In responding to the Commission's request, we take the latter view of what the agency intends in its efforts to risk inform the regulations.

In this respect, we identify a number of conditions that we believe hinder the progress of risk informing the regulations and implementing the changes for operating reactors. We have placed these "impediments" in two separate categories,"cultural/institutional" and "technical."

The cultural/institutional impediments are characterized as being related to attitudes, impressions, institutional or organizational barriers, processes, resource limits and similar such attributes. An important cultural/institutional impediment is the perception by licensees that they will need to expend substantial resources to update their PRAs to an acceptable level, provide additional staffing and resources to utilize and maintain the PRAs, and still have to comply with the current deterministic regulations. They fear that risk considerations will be add-ons to the existing regulatory system that will impose additional burdens.

There are many more cultural/institutional impediments than there are technical ones. We have chosen not to focus on the cultural/institutional impediments because it is our view that, as we risk inform the regulations in a technically defensible manner and consistently apply these regulations, most of the cultural/institutional impediments will fade away naturally with time. On the other hand, the technical impediments will not go away by themselves but will require significant effort and research for resolution.

We consider the more significant of the technical impediments to be:

1.  PRA inadequacies and incompleteness in some areas.
2. The need to revisit risk-acceptance criteria.
3. Lack of guidance on how to implement defense in depth and on how to impose sufficiency limits.
4. Lack of guidance on the significance and appropriate use of importance measures.
5. Variation of PRA quality and scope and the need for Standards.

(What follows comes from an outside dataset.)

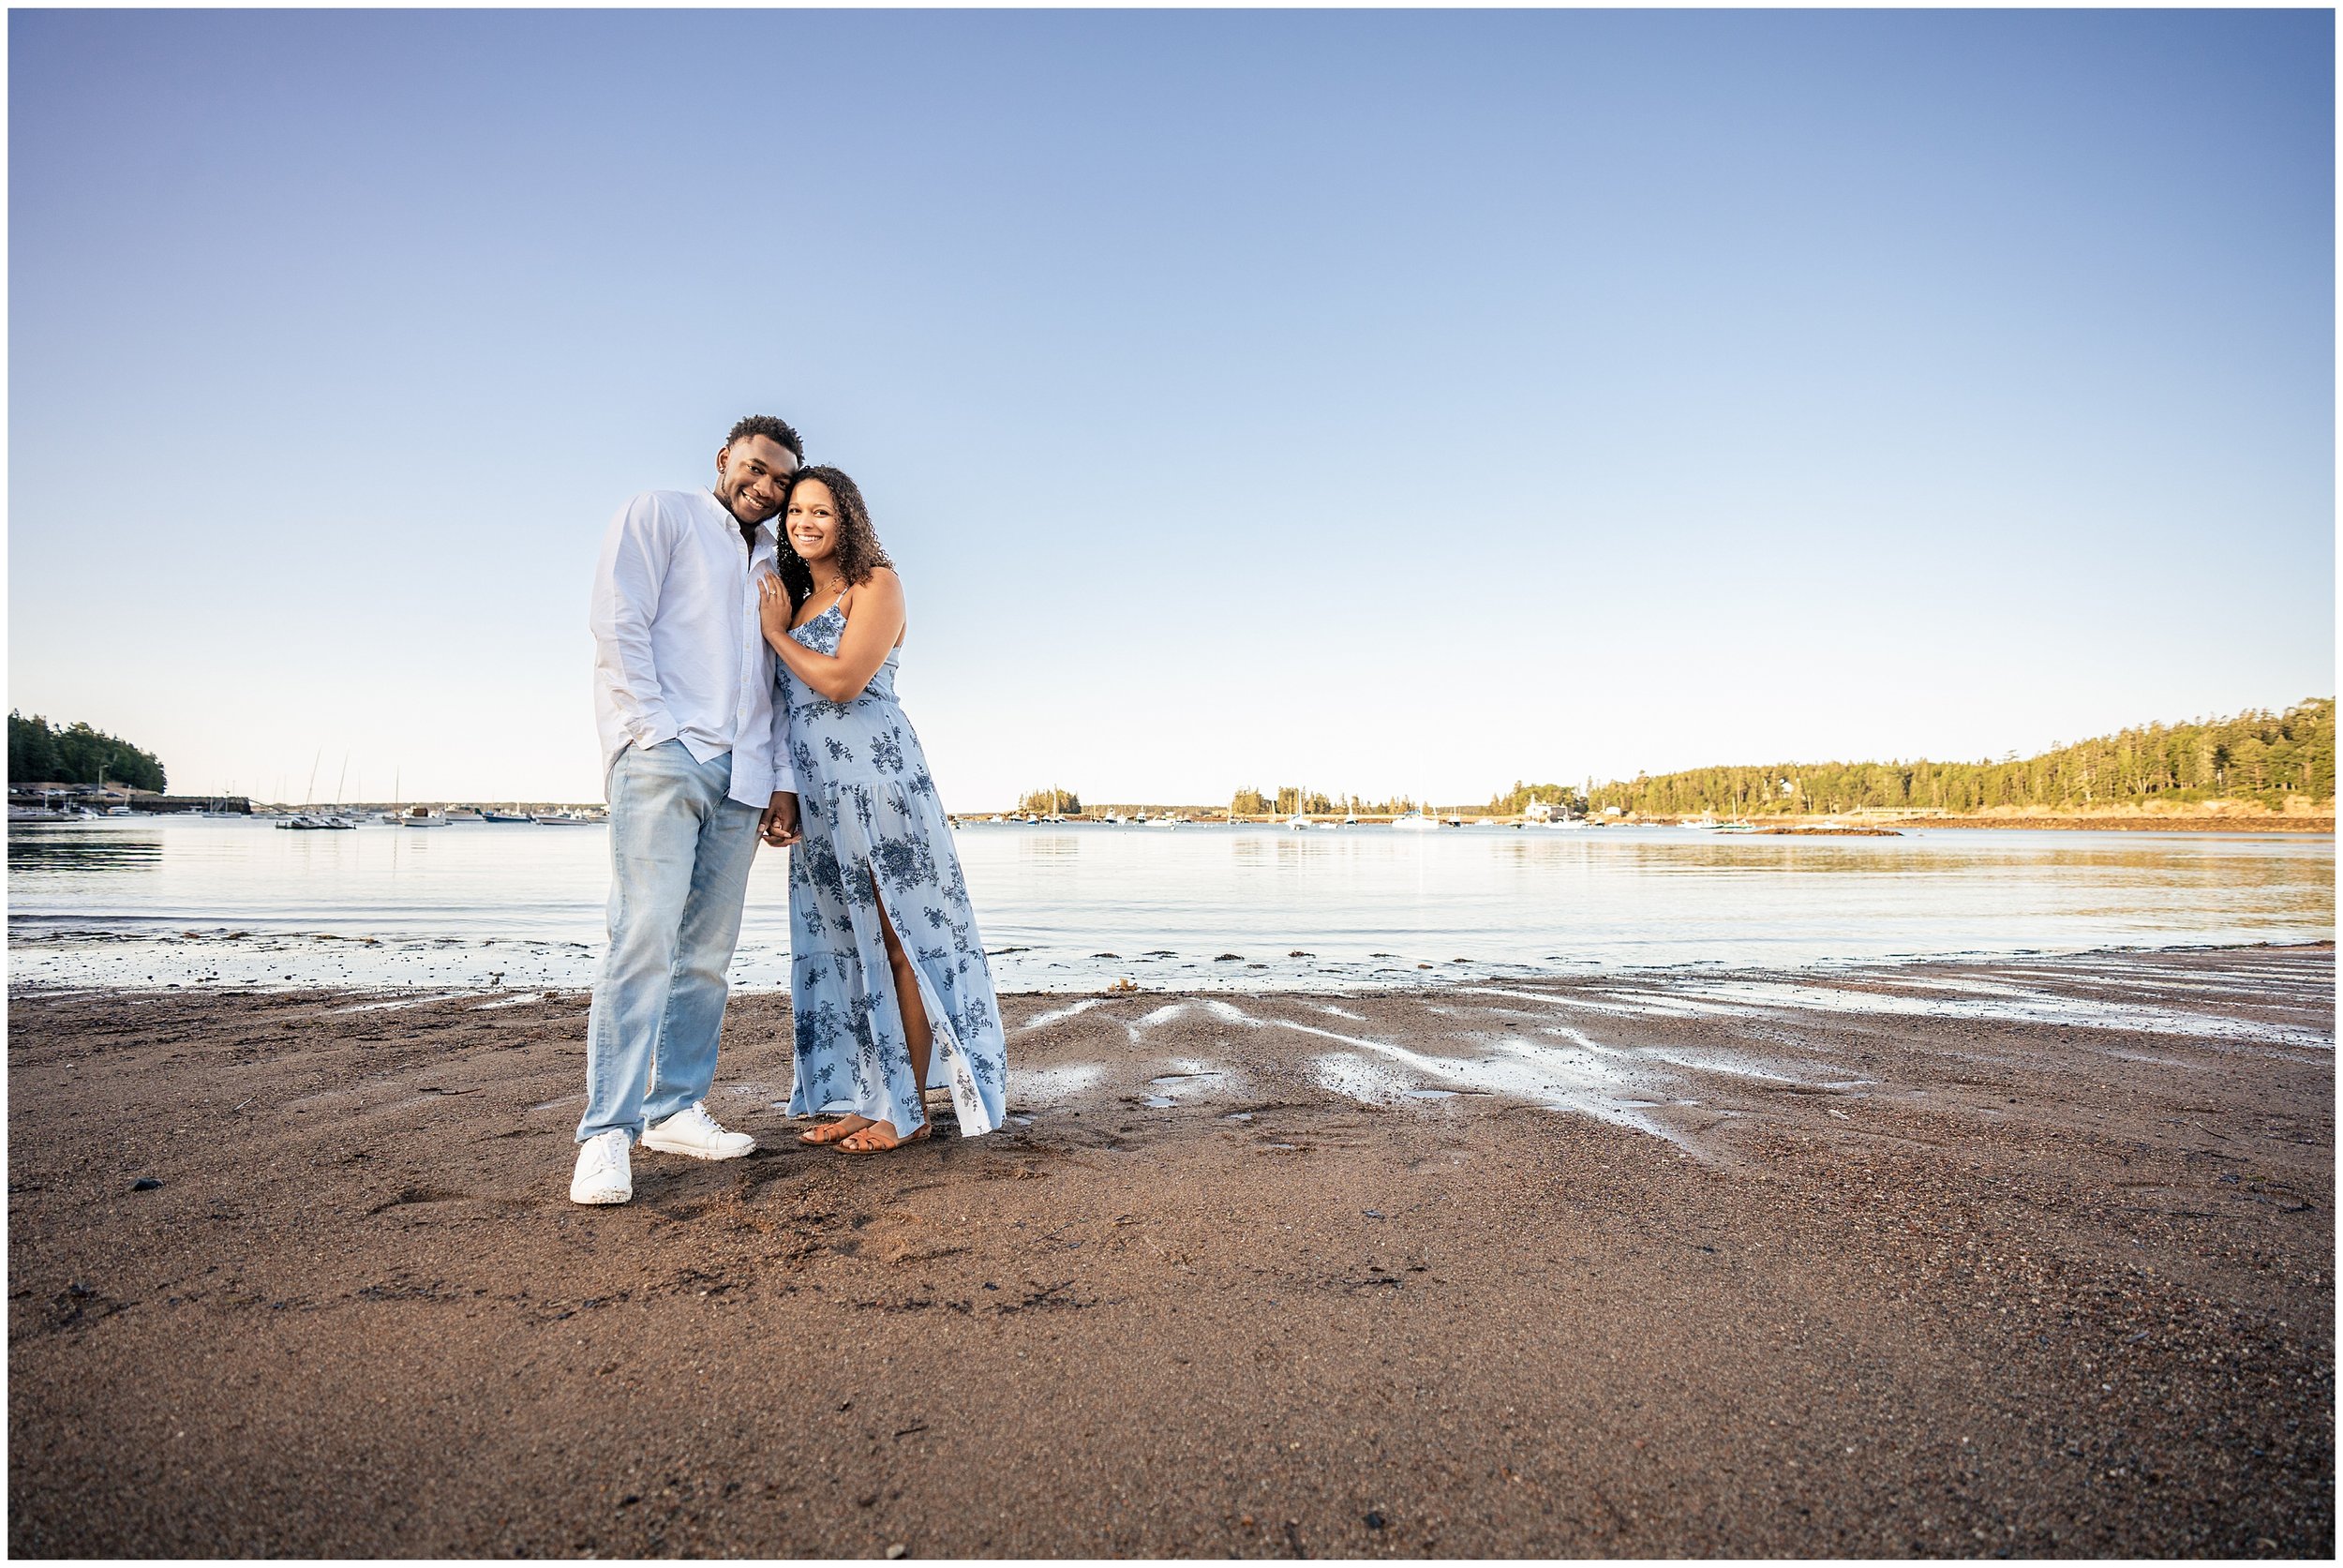 Acadia National Park Proposal Photographers, Acadia and Bar Harbor Wedding Photographers, Two Adventurous Souls- 080223_0023.jpg

While we consider it important that efforts be undertaken to overcome these impediments, we believe that the state-of-the-art of PRA is sufficiently advanced that the agency can proceed with efforts to become more risk informed in its regulatory activities. However, it will be necessary to craft the regulations in a conservative manner to accommodate these shortcomings and in such a way that they can be easily evolved as improvements are made in the state-of-the-art of PRA. We also believe that the agency ought not to underestimate the risk analysis capabilities that will be needed to sustain a risk-informed regulatory system.

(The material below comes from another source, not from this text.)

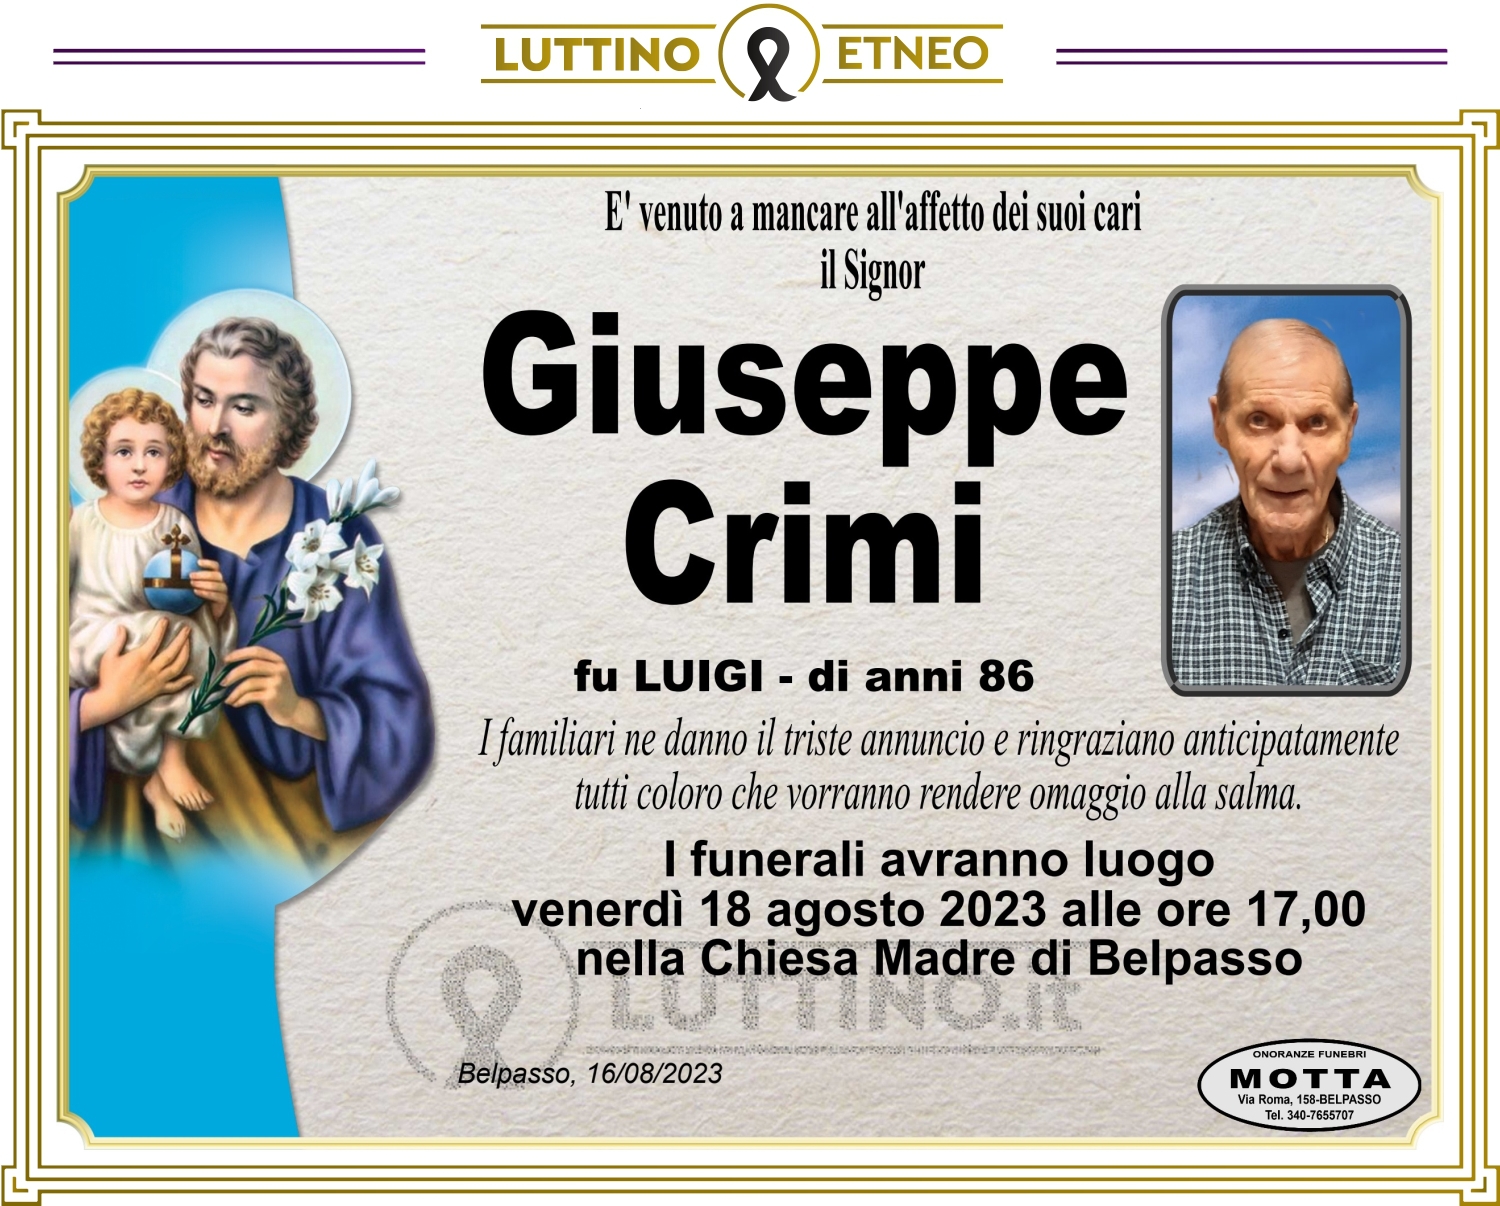 Giuseppe Crimi

Our views on each of the technical impediments are discussed below:

1.  PRA Inadequacies and Incompleteness
Most of the current PRAs are inadequate for assessing risk contributions from fires, seismic events, human performance, organizational factors, and safety culture factors. They are incapable of assessing the lifetime average risk contribution from shutdown conditions. The reliability database is weak for passive components and "nonsafety-related" systems and components.
2. Risk Acceptance Criteria
It is necessary to have risk acceptance criteria applicable to individual licensees in a risk-informed regulatory system. The initial efforts to risk inform the regulatory activities have utilized two metrics for risk acceptance - mean values of core damage frequency (CDF) and large, early release frequency (LERF). The values for CDF and LERF used in Regulatory Guide 1.174 are consistent with the Commission's safety goals. These safety goals were, however, originally intended to be goals (i.e., some things to strive for) for the average risk status of the population of plants as a whole. It is generally recognized that safety goals are not risk acceptance values that would, for example, be surrogates for adequate protection.
In a risk-informed regulatory system, it is necessary to have risk acceptance limits. If we are to have limits on CDF and LERF that are "consistent" with "adequate protection," we believe these would differ from those in Regulatory Guide 1.174. It is important at this stage of risk-informing the regulations that quantitative limits be incorporated into an expanded definition of adequate protection.
3. Defense-in-Depth
According to the Commission's White Paper (SECY-98-144):
Defense-in-Depth is an element of NRC's Safety Philosophy that employs successive compensatory measures to prevent accidents or mitigate damage if a malfunction, accident, or naturally caused event occurs at a nuclear facility.
If defense-in-depth is viewed as measures taken to compensate for the PRA inadequacies and uncertainties, then there is a need for guidance to help quantify how many compensatory measures are necessary and how good these have to be.
4. Importance Measures
We have noted that risk-informed decisions are often based on categorizing structures, systems, and components according to their importance in influencing changes to CDF and LERF. As discussed in our report on importance measures, there is a need for guidance on the appropriate interpretation and use of importance measures.
5. Need for Standards/PRA Quality and Scope
Most PRAs for existing reactors were developed in response to Generic Letter 88-20 and Supplement 4 requesting the individual plant examination (IPE) and individual plant examination for external events (IPEEEs). It has been noted that there is much variation in the scope and quality of these PRAs.
NRC has requested the American Society of Mechanical Engineers and the American Nuclear Society to develop Standards to ensure that the technical quality of PRAs is sufficient to support the regulatory review and approval of licensee risk-informed applications. We believe that development of appropriate PRA Standards is important to risk-informing the regulations. However, we believe it is important that standards not stifle the continuing improvement of PRA methods.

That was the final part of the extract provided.